** WORK ORDER **
Return exactly those lines of the material below that fall between the line holding "A papaya fruit" and the line holding "Valentine Mk.II/IV cannister holder 1/35", inclusive.

*** Opening EXCERPTED DATA ***

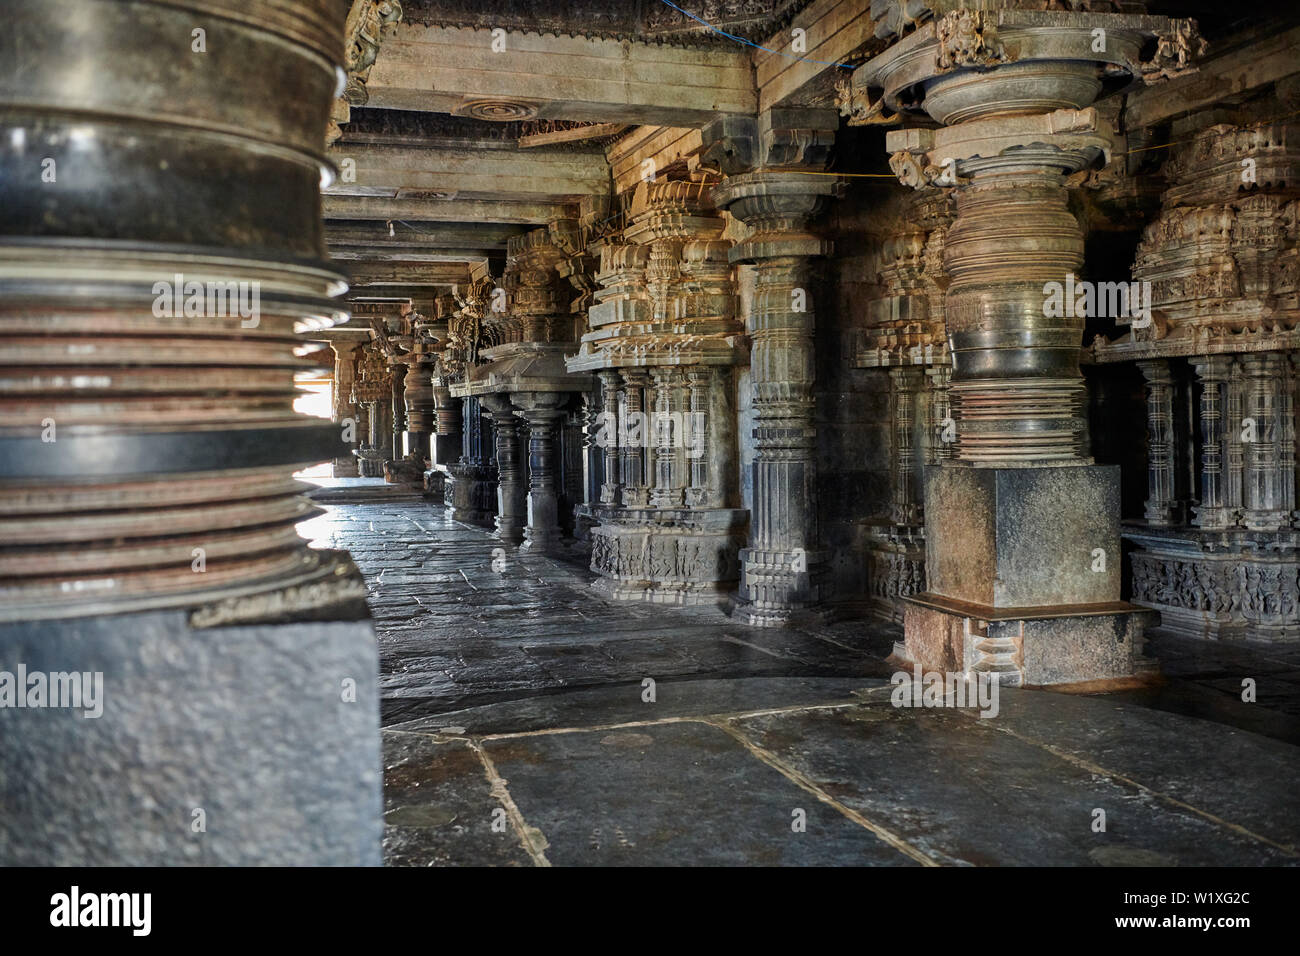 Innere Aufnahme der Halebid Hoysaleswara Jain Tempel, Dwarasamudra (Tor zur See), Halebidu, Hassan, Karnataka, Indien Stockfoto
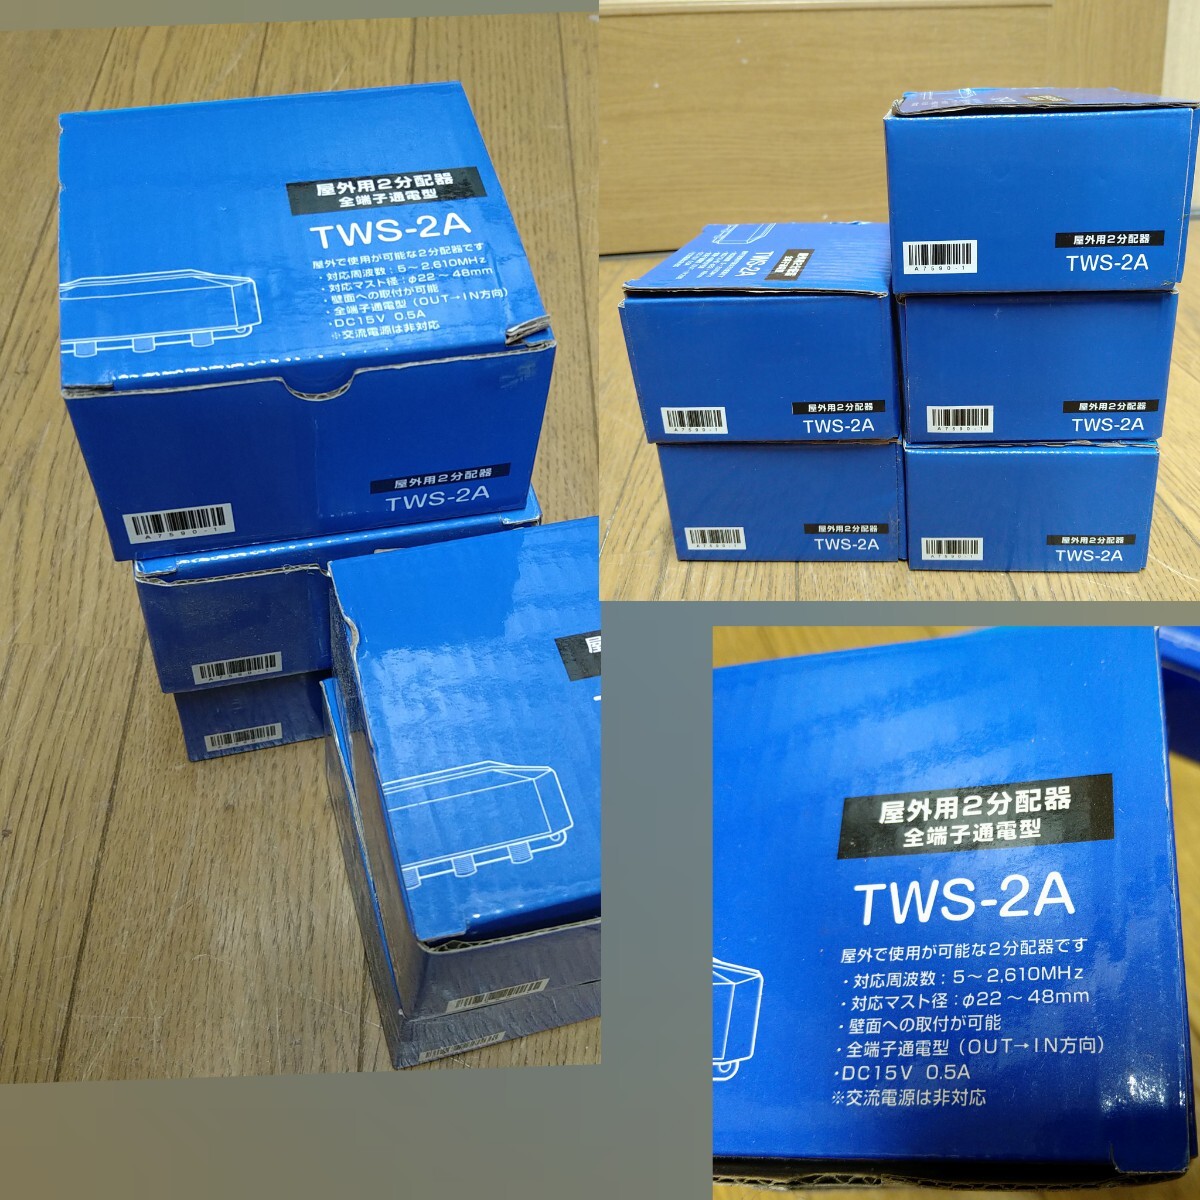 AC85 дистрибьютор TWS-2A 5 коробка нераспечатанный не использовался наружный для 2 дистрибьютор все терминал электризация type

*** Closing EXCERPTED DATA ***
*** Opening EXCERPTED DATA ***

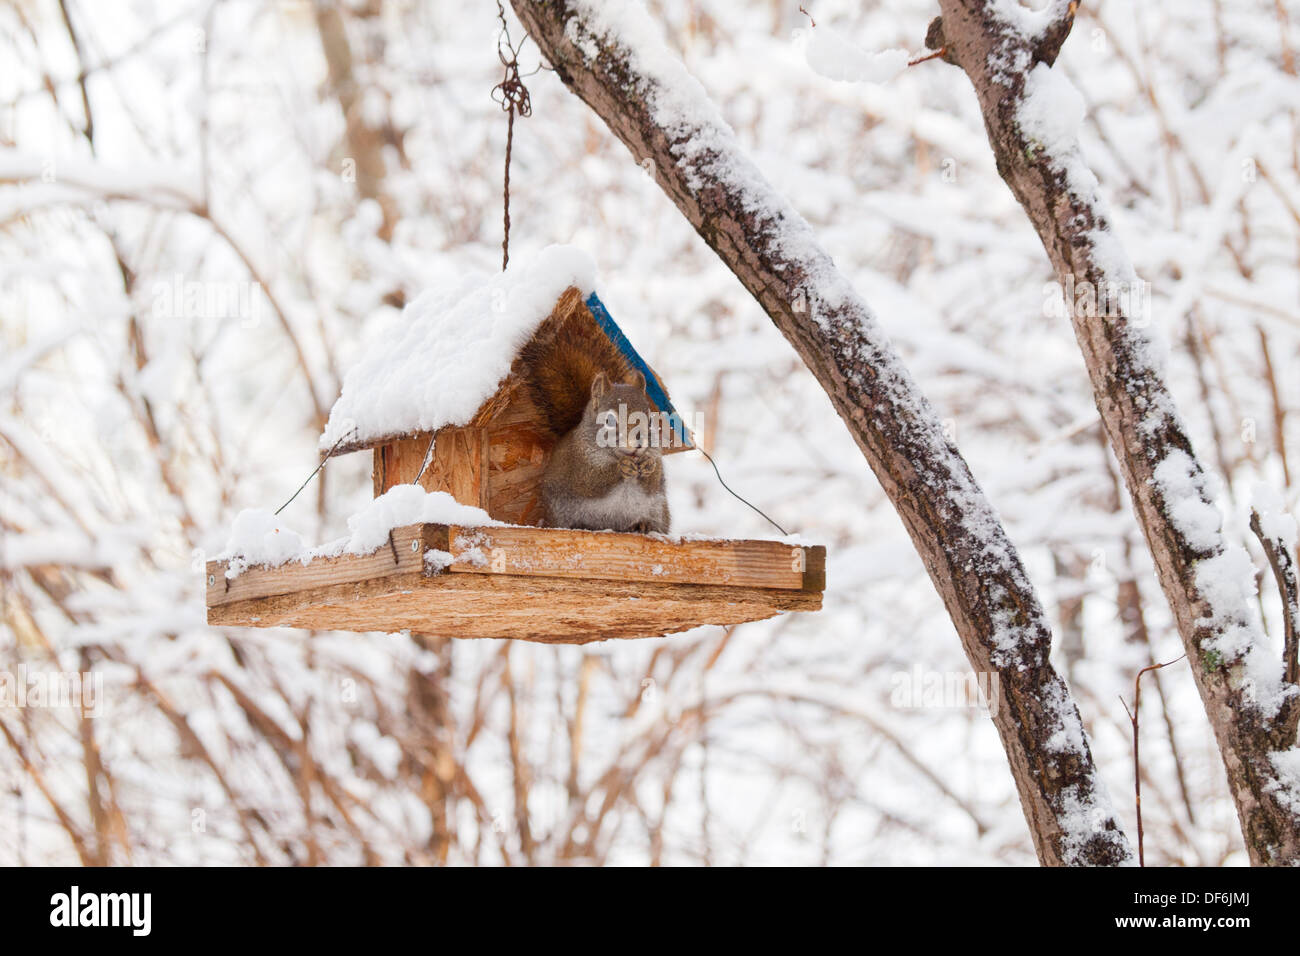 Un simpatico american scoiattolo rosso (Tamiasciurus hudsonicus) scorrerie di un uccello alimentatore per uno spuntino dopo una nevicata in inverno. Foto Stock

*** Closing EXCERPTED DATA ***
*** Opening EXCERPTED DATA ***

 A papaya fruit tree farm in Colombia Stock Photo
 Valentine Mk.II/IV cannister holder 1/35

*** Closing EXCERPTED DATA ***

** SOLVED PROBLEM **
 A papaya fruit tree farm in Colombia Stock Photo
 Valentine Mk.II/IV cannister holder 1/35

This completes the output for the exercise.